Conmoción entre los arqueólogos egipcios tras hallar bajo el desierto de Egipto un antiguo monasterio bizantino
El descubrimiento de un monasterio bizantino bajo las arenas del desierto egipcio vuelve a situar al Alto Egipto en el centro del debate arqueológico internacional. Las excavaciones realizadas en Sohag han permitido ampliar el conocimiento sobre una etapa histórica marcada por la convivencia entre tradiciones locales y nuevas formas de espiritualidad cristiana.
Este monasterio bizantino, identificado como un complejo residencial completo, plantearía así nuevas líneas de investigación sobre la vida cotidiana, la autosuficiencia económica y la arquitectura religiosa durante el periodo de dominación bizantina.
¿Qué hacía un monasterio bizantino en el medio del Alto Egipto?
Las excavaciones en el enclave conocido como Al-Deir, situado en la aldea de Al-Qarya, han permitido identificar los restos de un asentamiento monástico de grandes dimensiones. Según señaló en un comunicado el Ministerio de Turismo y Antigüedades, se trata de uno de los conjuntos mejor conservados de su tipo en el sur de Egipto.
El ministro Sherif Fathy señaló que este tipo de hallazgos confirma la diversidad del patrimonio histórico egipcio y refuerza las estrategias destinadas a potenciar el turismo cultural en zonas alejadas de los circuitos tradicionales.
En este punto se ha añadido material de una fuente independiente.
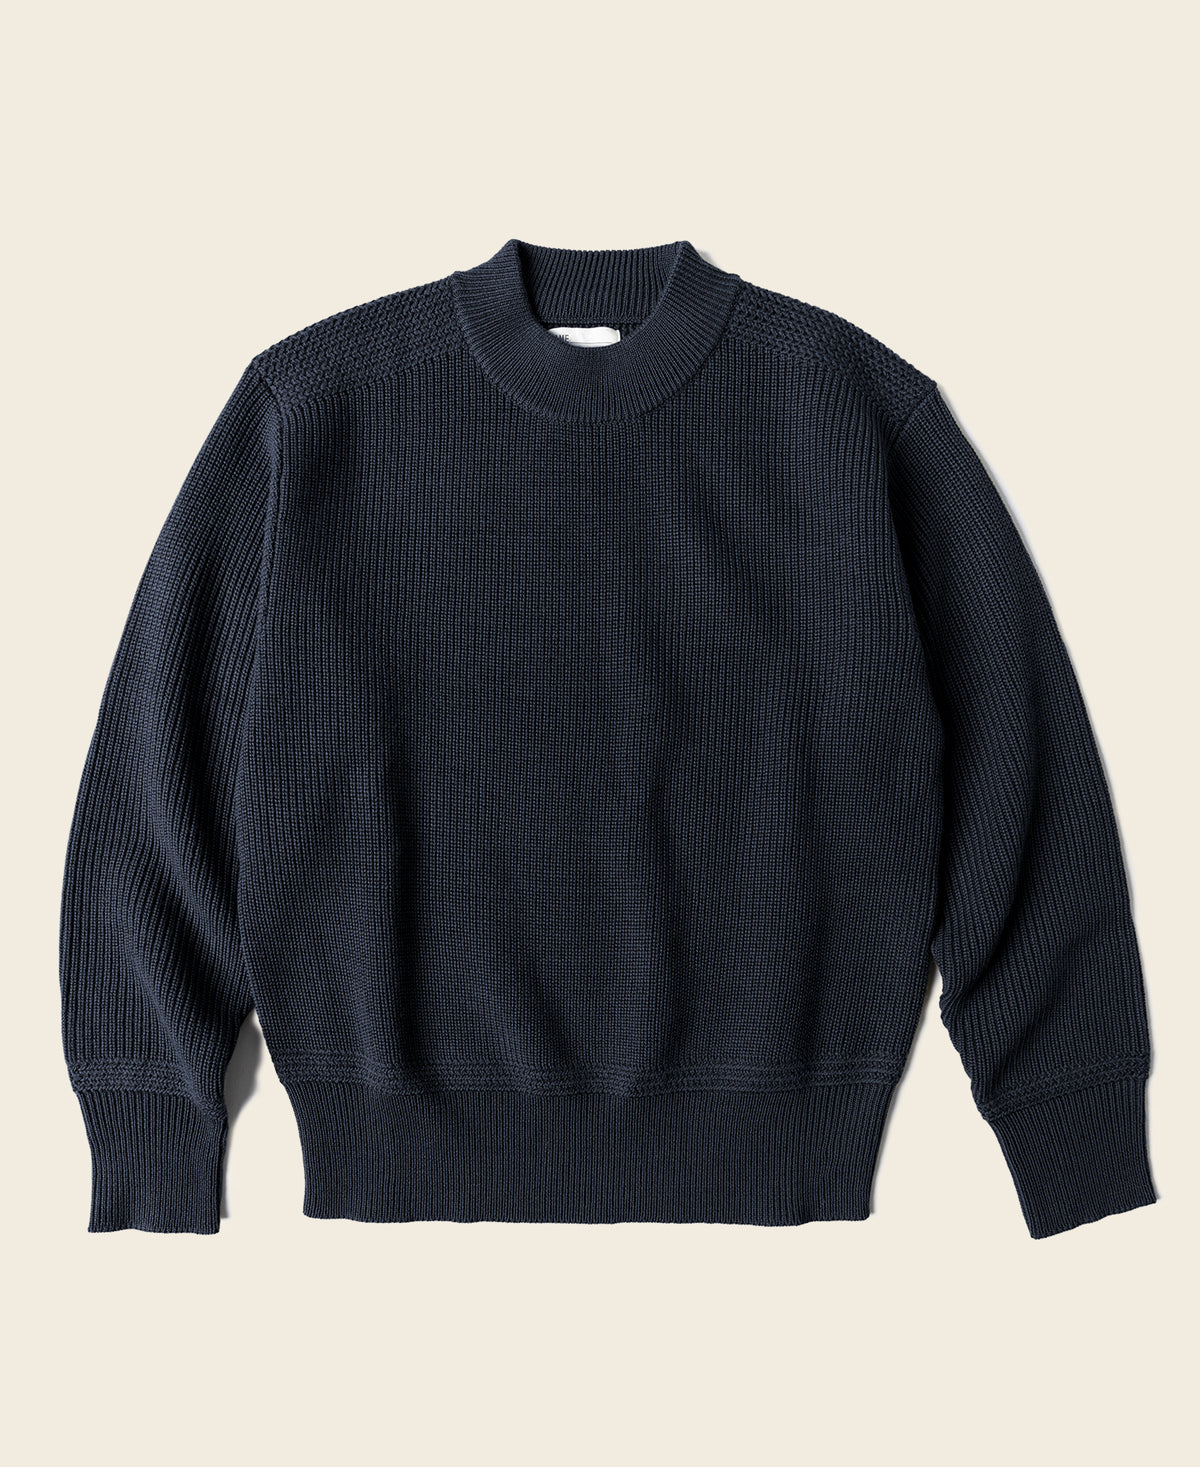 Pre-War Model USN Woolen Sweater - Navy

En paralelo, desde el Consejo Supremo de Antigüedades subrayaron que el enclave ofrece una visión directa de cómo se estructuraban las comunidades religiosas durante el periodo bizantino.
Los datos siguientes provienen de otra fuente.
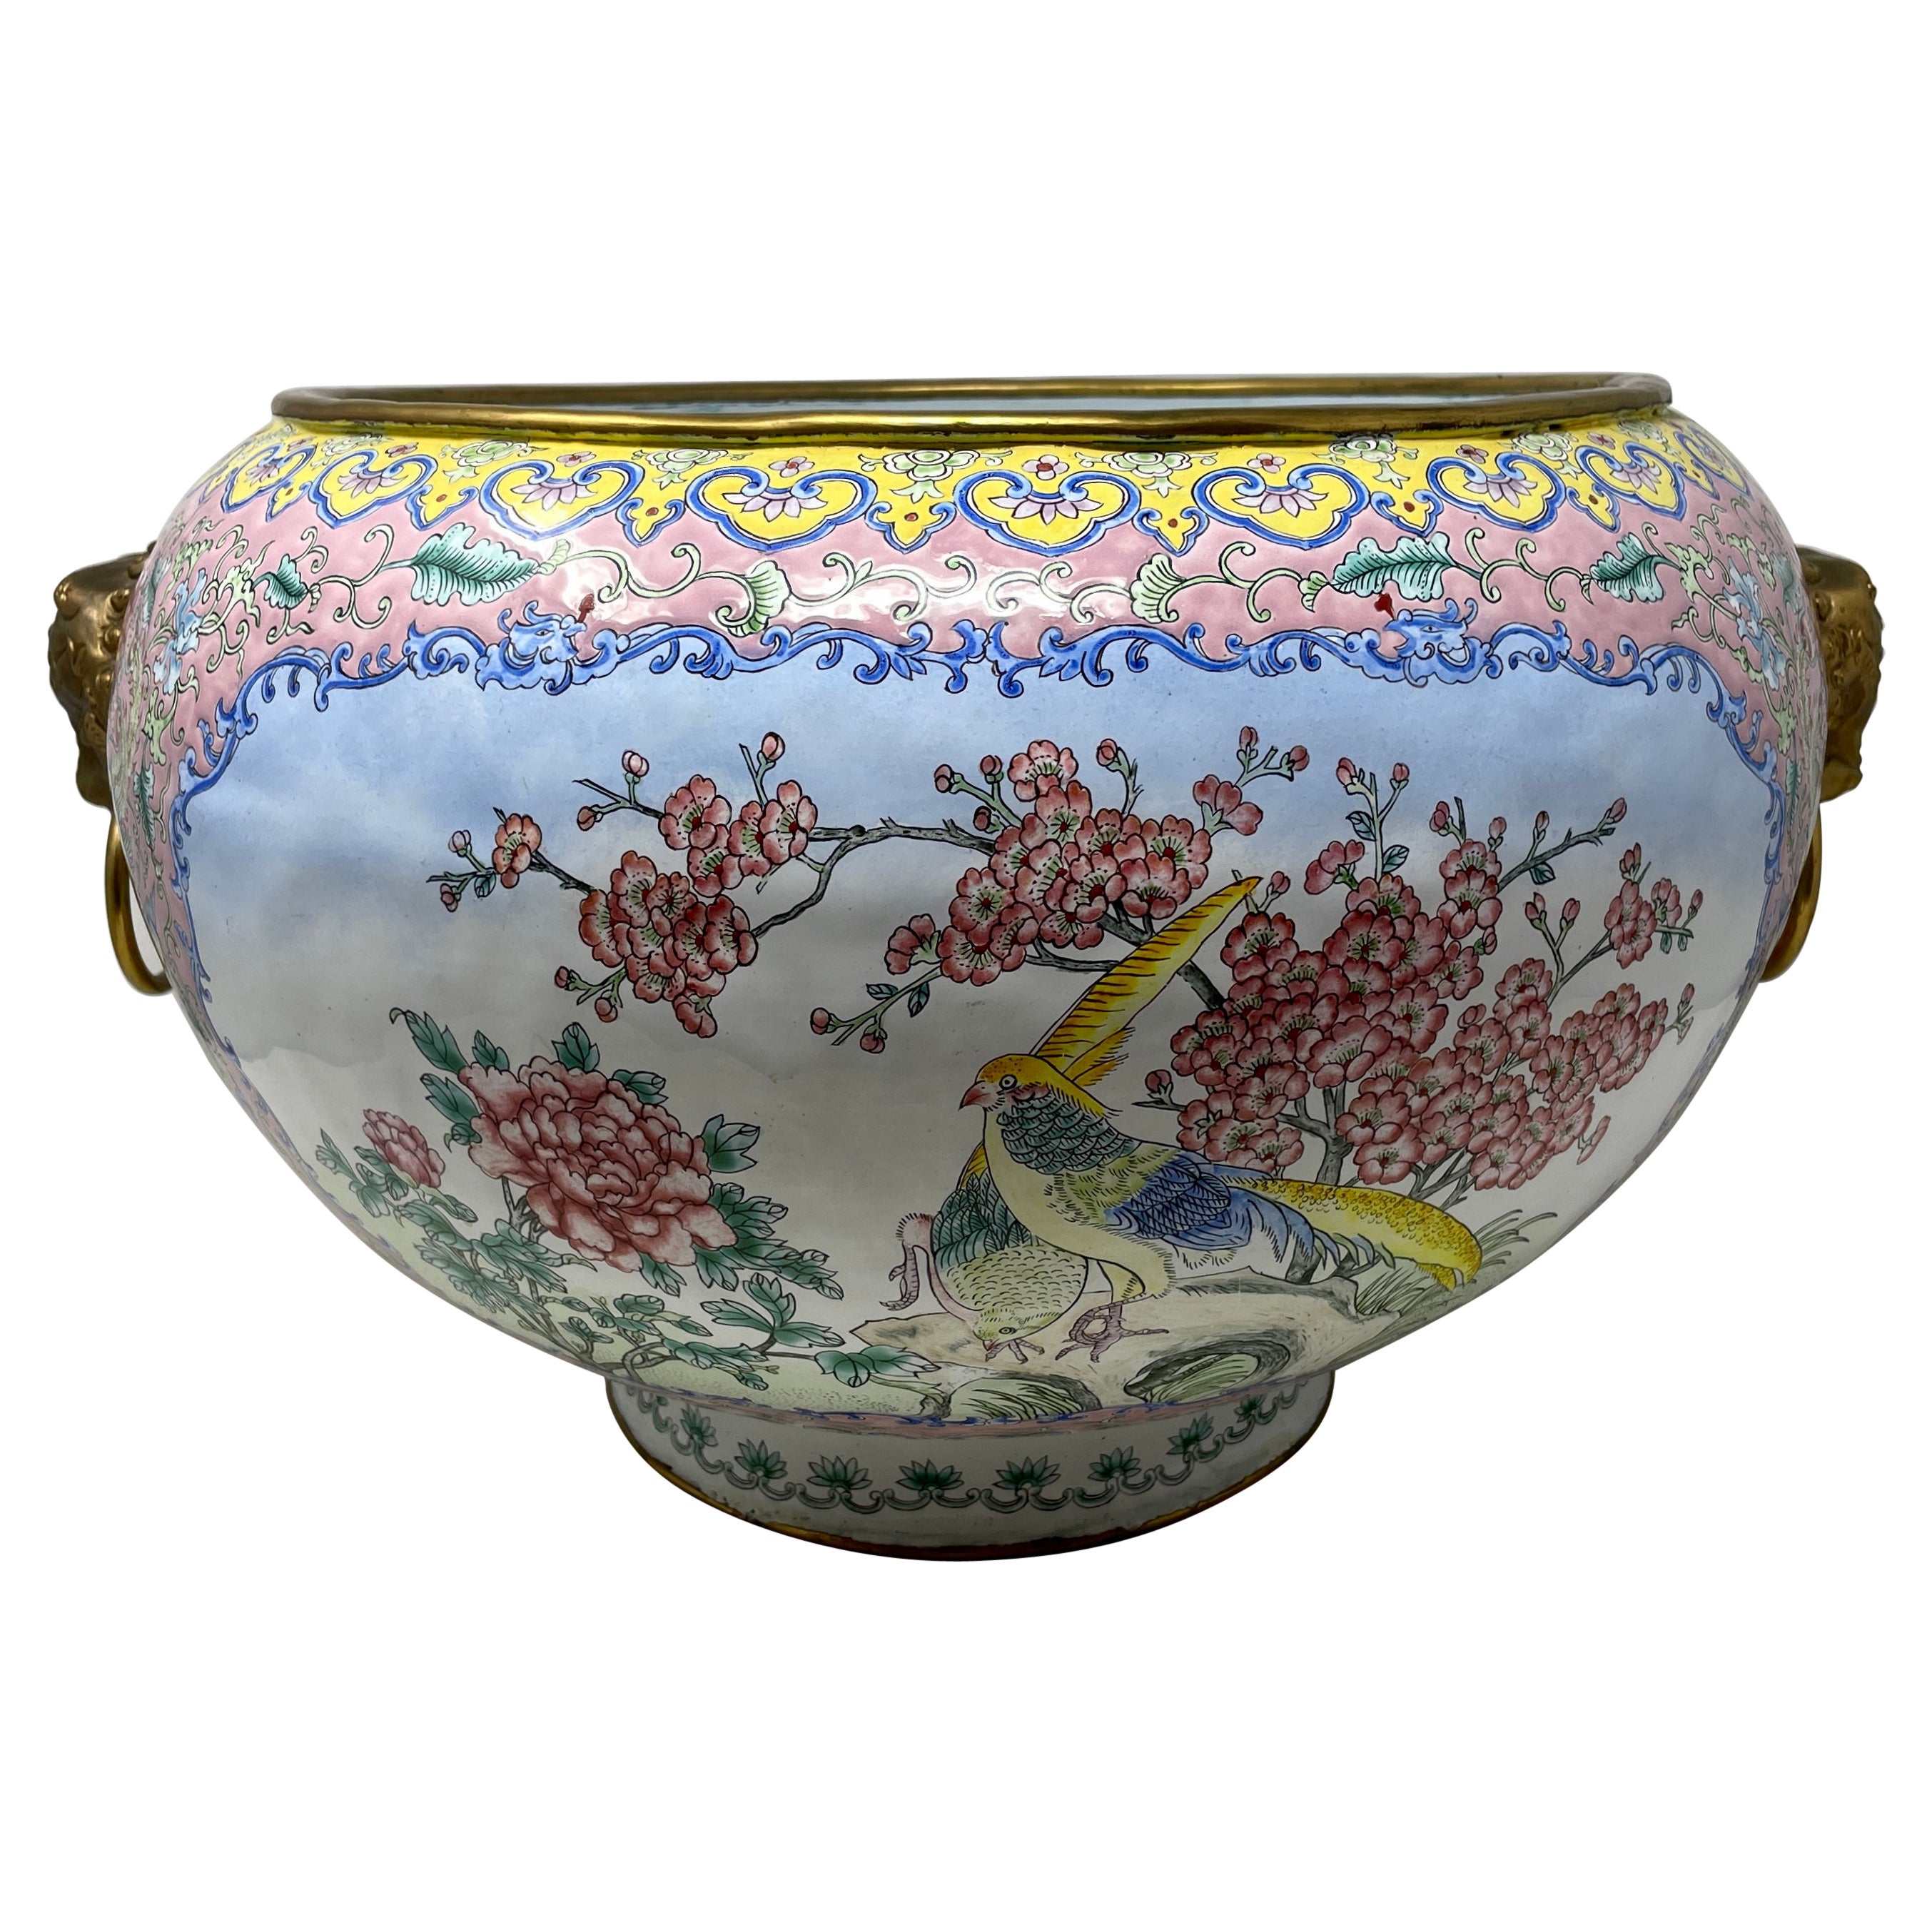 Antique French Cloisonné Enamel Porcelain Jardiniere, Circa 1880-1890.

Los estudios preliminares apuntan a un asentamiento estable y organizado, concebido para albergar a una comunidad autosuficiente. Esta característica convierte al monasterio bizantino de Sohag en una pieza clave para entender la expansión del cristianismo en el valle del Nilo.
Arquitectura en adobe: ¿Cómo se construyó este monasterio bizantino?
Uno de los aspectos más relevantes del hallazgo es el uso exclusivo del adobe como material constructivo. Los arqueólogos han documentado varios edificios rectangulares orientados de oeste a este, con dimensiones que oscilan entre los 8 y los 14 metros de longitud.
Las estructuras conservan restos de revestimientos de yeso, nichos empotrados y hornacinas. En algunos casos, los espacios principales cuentan con un ábside en el extremo oriental, lo que indica su uso para prácticas litúrgicas.
Junto a estas estancias se han identificado pequeñas habitaciones abovedadas, interpretadas como celdas individuales destinadas al retiro de los monjes.
El conjunto se completa con patios situados en la parte sur de los edificios, que funcionaban como accesos principales, y con estructuras circulares asociadas a zonas comunes. Todo ello refuerza la idea de un monasterio bizantino planificado para combinar vida comunitaria y aislamiento espiritual.
Las curiosas instalaciones de este monasterio hallado en Egipto
Más allá de las áreas residenciales, la excavación ha sacado a la luz instalaciones destinadas a garantizar la subsistencia de la comunidad.
Entre ellas destacan depósitos construidos con ladrillo rojo y piedra caliza, recubiertos con mortero impermeable, que habrían servido para almacenar agua o para usos domésticos y productivos.
El edificio más destacado del conjunto es una construcción de aproximadamente 14 por 10 metros, orientada de este a oeste, identificada como la iglesia principal del monasterio bizantino. Su planta responde al modelo basilical tripartito, con nave central, coro y santuario.
En el interior se han localizado restos de pilastras de adobe, lo que sugiere la existencia de una cúpula central. El santuario presenta un ábside semicircular flanqueado por dos estancias laterales, una disposición habitual en las iglesias coptas. Este espacio constituía el núcleo espiritual del complejo y articulaba la vida religiosa de la comunidad.
El resto de los objetos hallados en Al-Deir, claves para conocer cómo era la vida cotidiana
El registro material recuperado en el yacimiento aporta información directa sobre la actividad diaria del monasterio. Entre los hallazgos destacan ánforas de almacenamiento, algunas con inscripciones que podrían corresponder a marcas de propiedad, contenidos o sistemas de control interno.
Especial interés tienen los óstraka, fragmentos de cerámica o piedra reutilizados como soporte de escritura. Varios de ellos conservan textos en lengua copta, cuyo estudio permitirá conocer aspectos administrativos, económicos o religiosos del monasterio bizantino.
A estos materiales se suman utensilios domésticos y fragmentos arquitectónicos de piedra caliza con inscripciones grabadas.
Este conjunto de objetos refuerza la interpretación del enclave como un espacio autosuficiente, donde la producción, el almacenamiento y la escritura formaban parte de una rutina estructurada.